Transistor variations in the subthreshold region can have a dramatic effect on signal propagation times [4]. Threshold voltage variations due to random dopant fluctuations are a particular problem because they change the behaviour of a transistor relative to its immediate neighbors. These signal delay variations can lead to timing violations. Approaches to this problem include: the design of robust sequencing elements [5]; the use of shallow pipelines so that random effects average out over the length of the logic path [6]; and compensation using transistor body bias [4]. In this work we side-step this issue by considering only combinatorial adder circuits. Some observations of the effect of transistor variations on gate performance are made in Section II-B4.

With the supply voltage lower than the threshold voltage, the absolute noise margin is necessarily small. That one cannot afford a single threshold voltage drop excludes the use of most pass-transistor logic families. This study, therefore, is confined to static CMOS gates and the question of transmission-gate and dynamic logic will be left for future work.

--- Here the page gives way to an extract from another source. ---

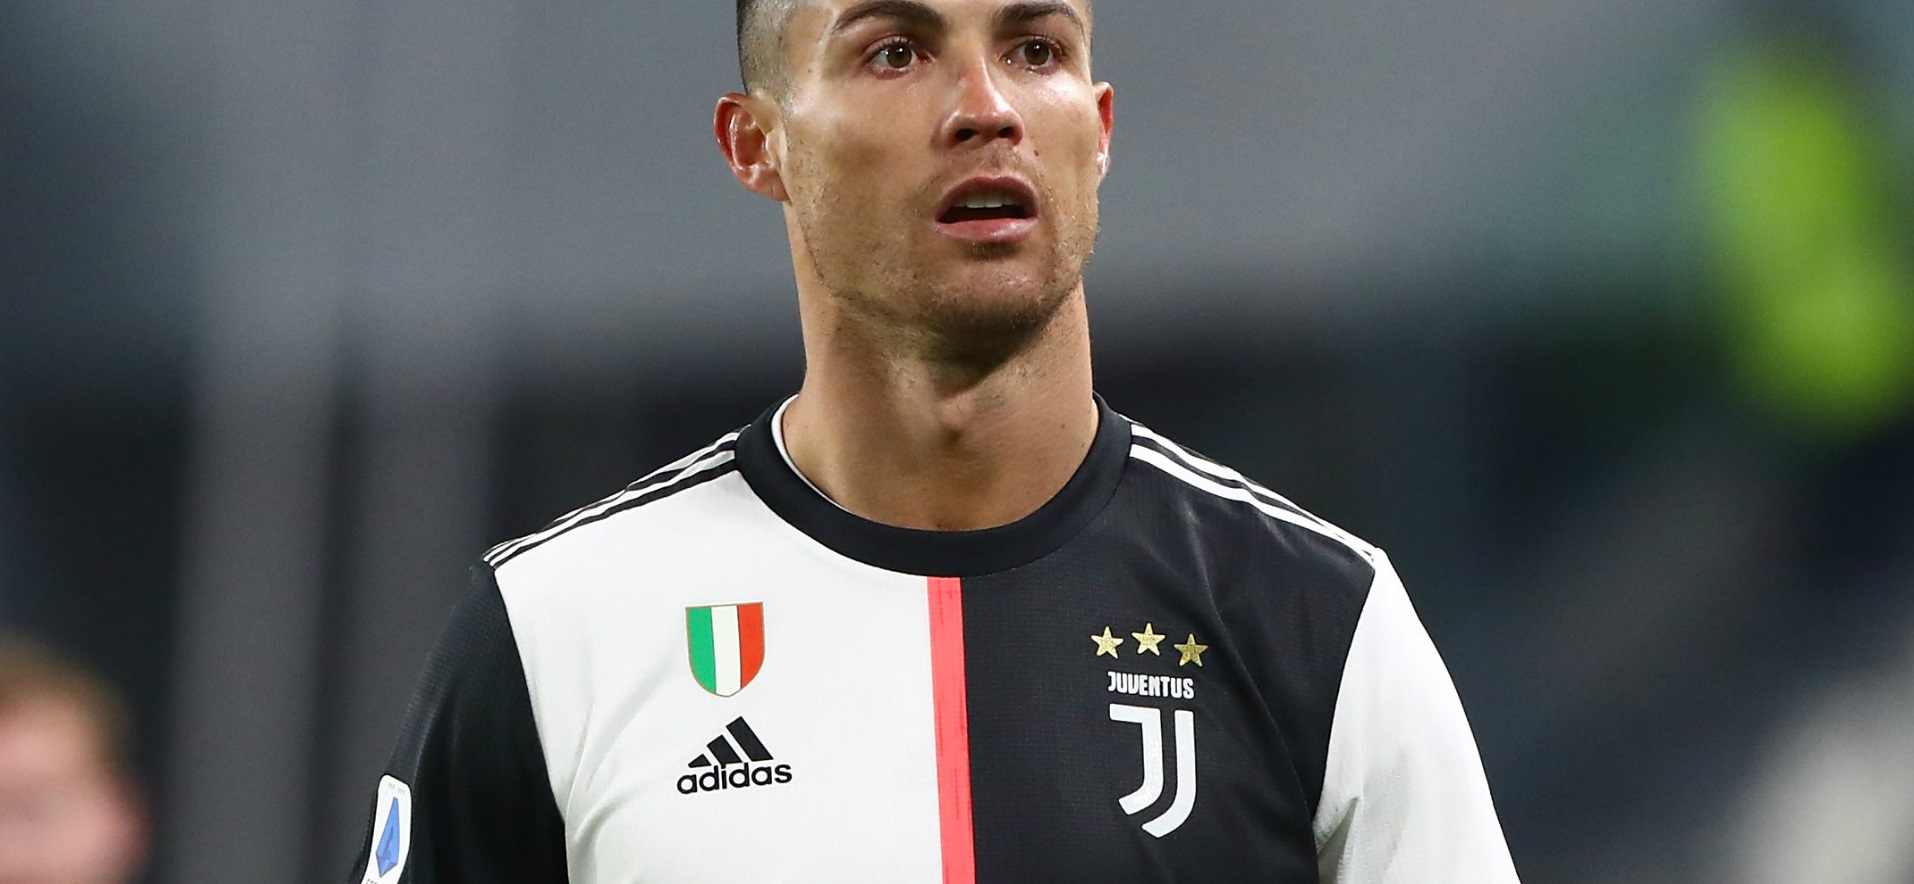 « La Juventus a abandonné le jeu d’équipe pour un soliste » : l’ancien président de la Juve critique Ronaldo

Some existing subthreshold designs (e.g. [6]) use a cell library with gates limited to fanin 2 or less. One reason put-forward for this is an expected increased influence of the body effect which degrades performance when more than 2 FETs are stacked in series. Gates of fanin 3 and greater are examined in Section II of the present study.

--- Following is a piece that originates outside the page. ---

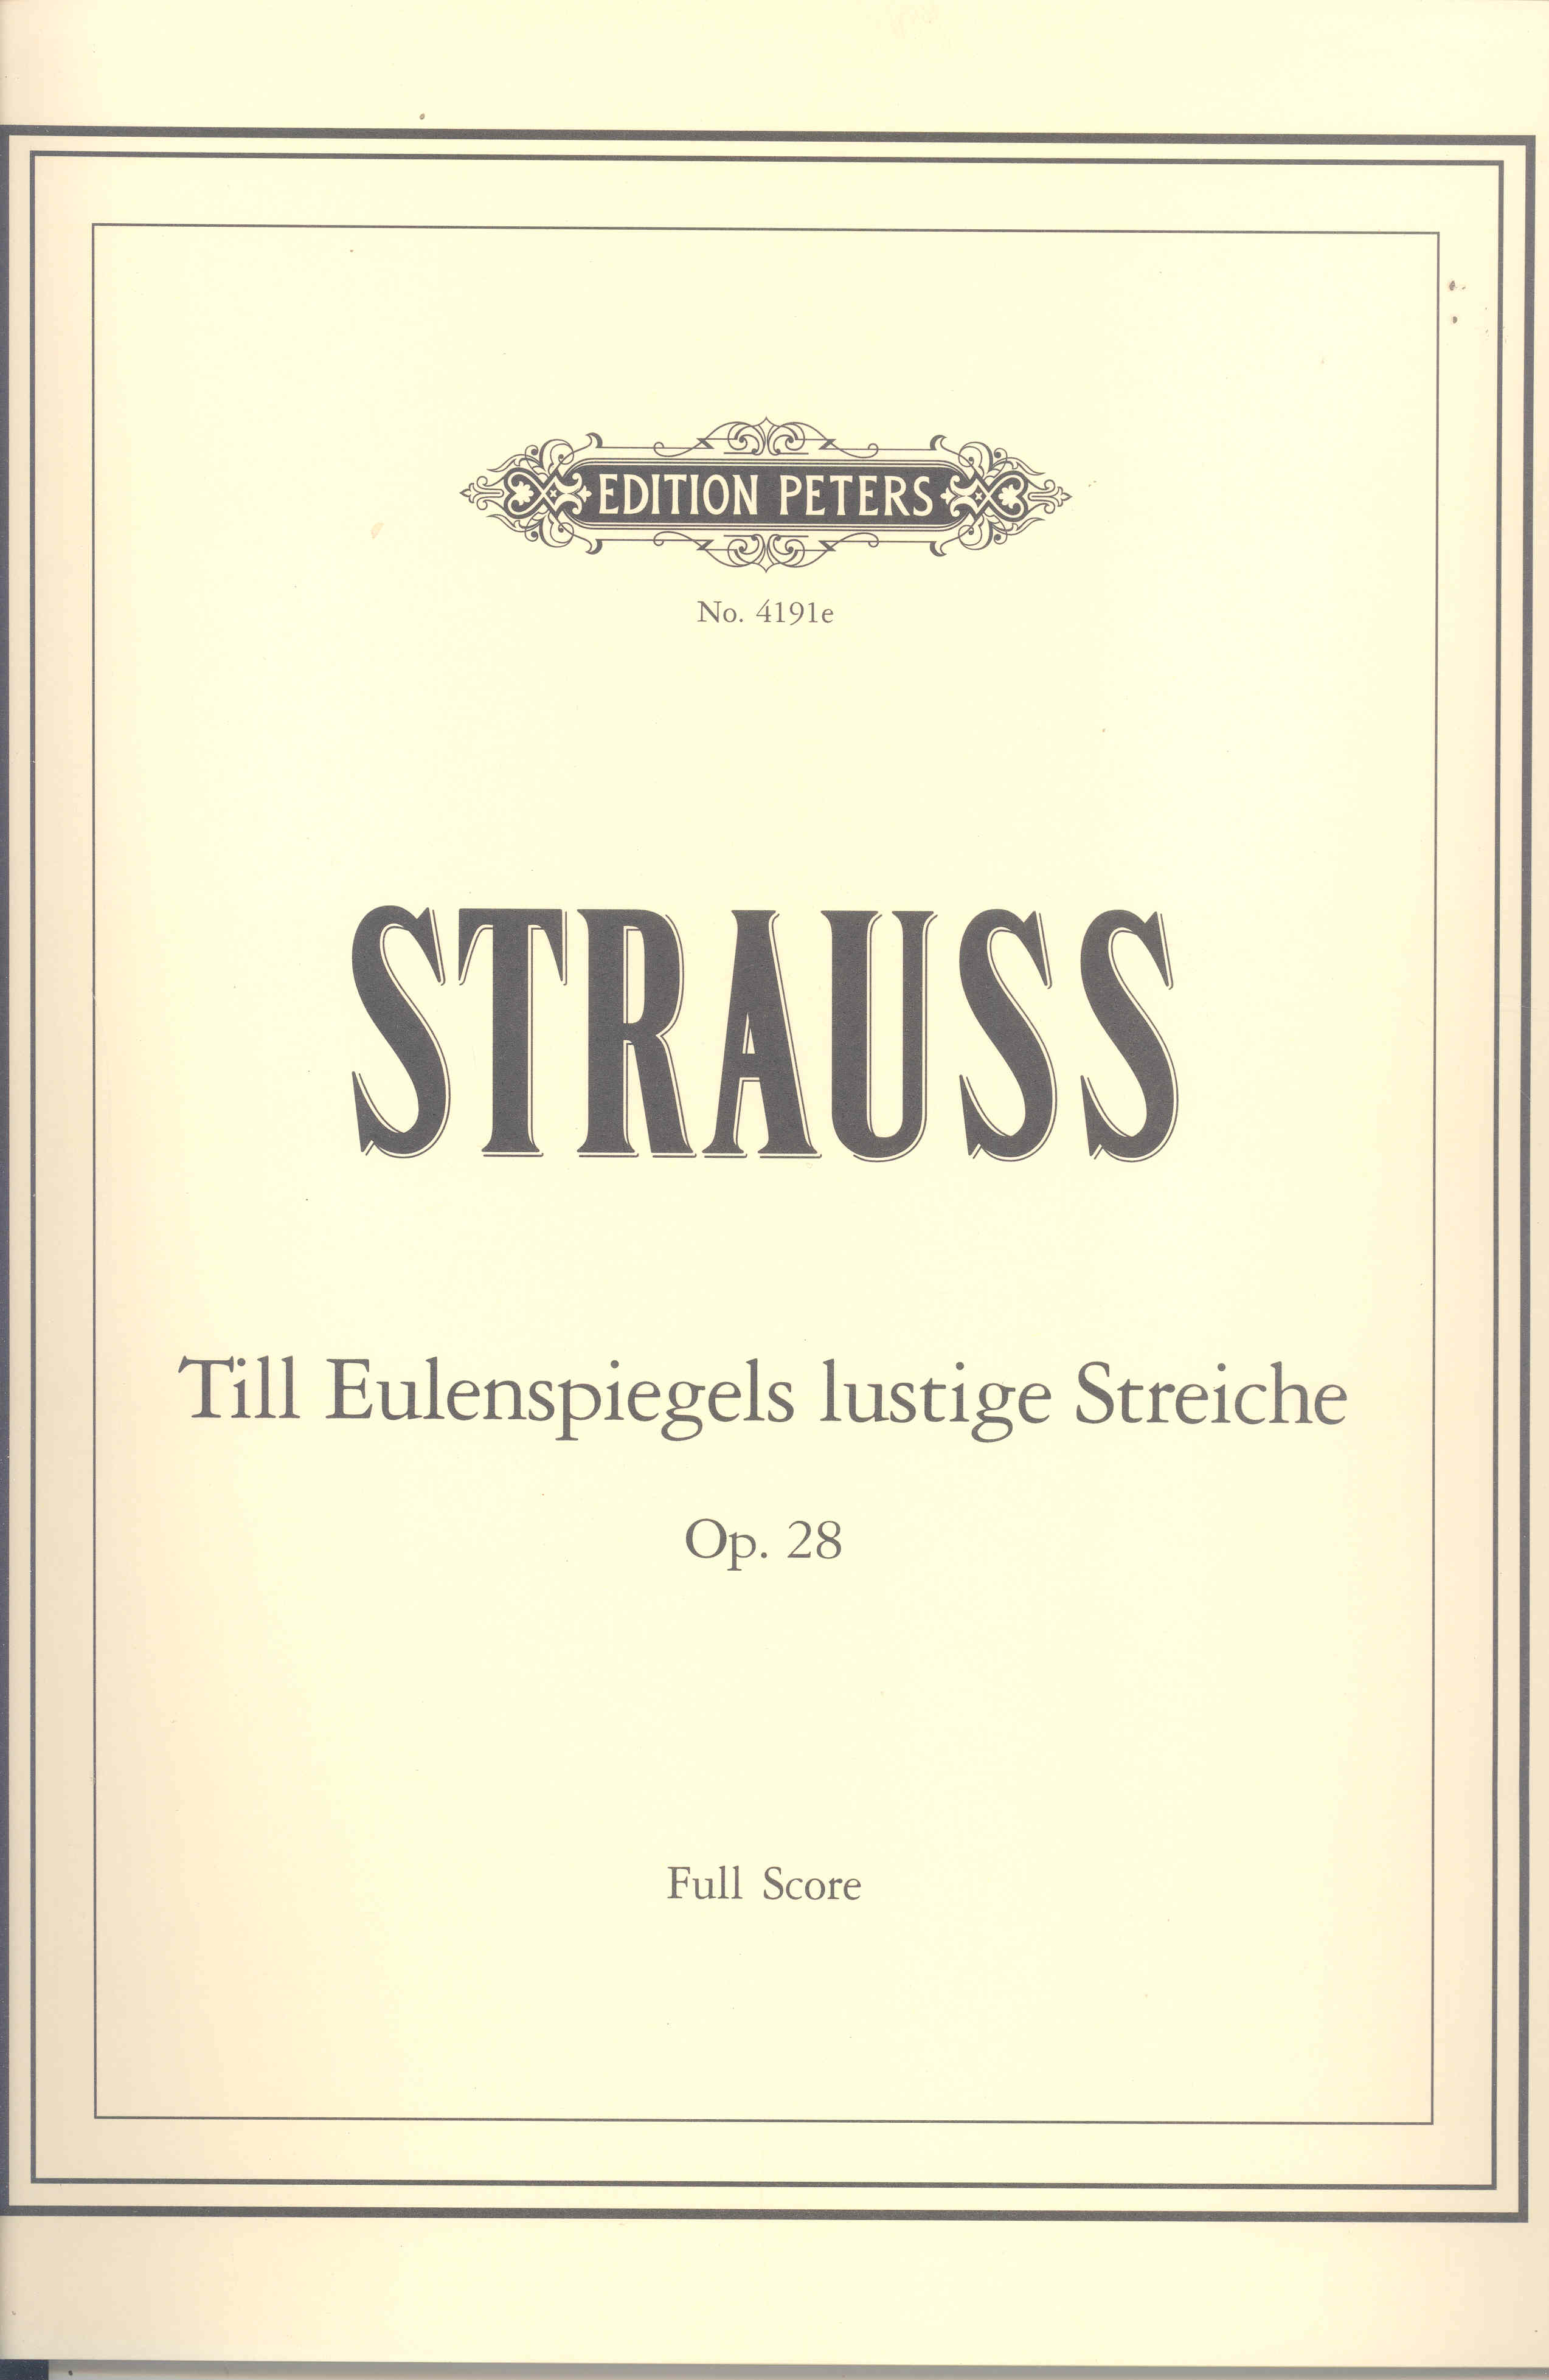 Strauss Till Eulenspiegels Full Score Sheet Music Songbook

The overarching goal of subthreshold design is usually to minimise the total energy to complete an operation for applications where latency is not critical. The total energy consists of the switching energy and the leakage energy. The latter makes a significant contribution at subthreshold voltage levels. In the context of addition, one might consider minimizing energy by using the smallest, simplest adder available: a ripple-carry adder. This would, most likely, minimise both the switching and leakage energy in the adder; however it would be slow, and while waiting for the adder to complete, the rest of the system would waste leakage energy. To increase the speed of the adder, a more complex, more power-hungry architecture could be used. Hence there is an interesting trade between speed and switching energy. Examination of this trade is the primary motivation for this paper. Results are presented in Section III.

#### II. LOGIC GATES

This section examines the subthreshold performance of the static CMOS logic gates which are important for adder designs.

#### A. Method

A TSMC 180 nm, 1.8 V general logic CMOS process was used. This has  $V_t \approx 0.4$  V. Its fanout 4 inverter delay, FO4, is approximately 100 ps.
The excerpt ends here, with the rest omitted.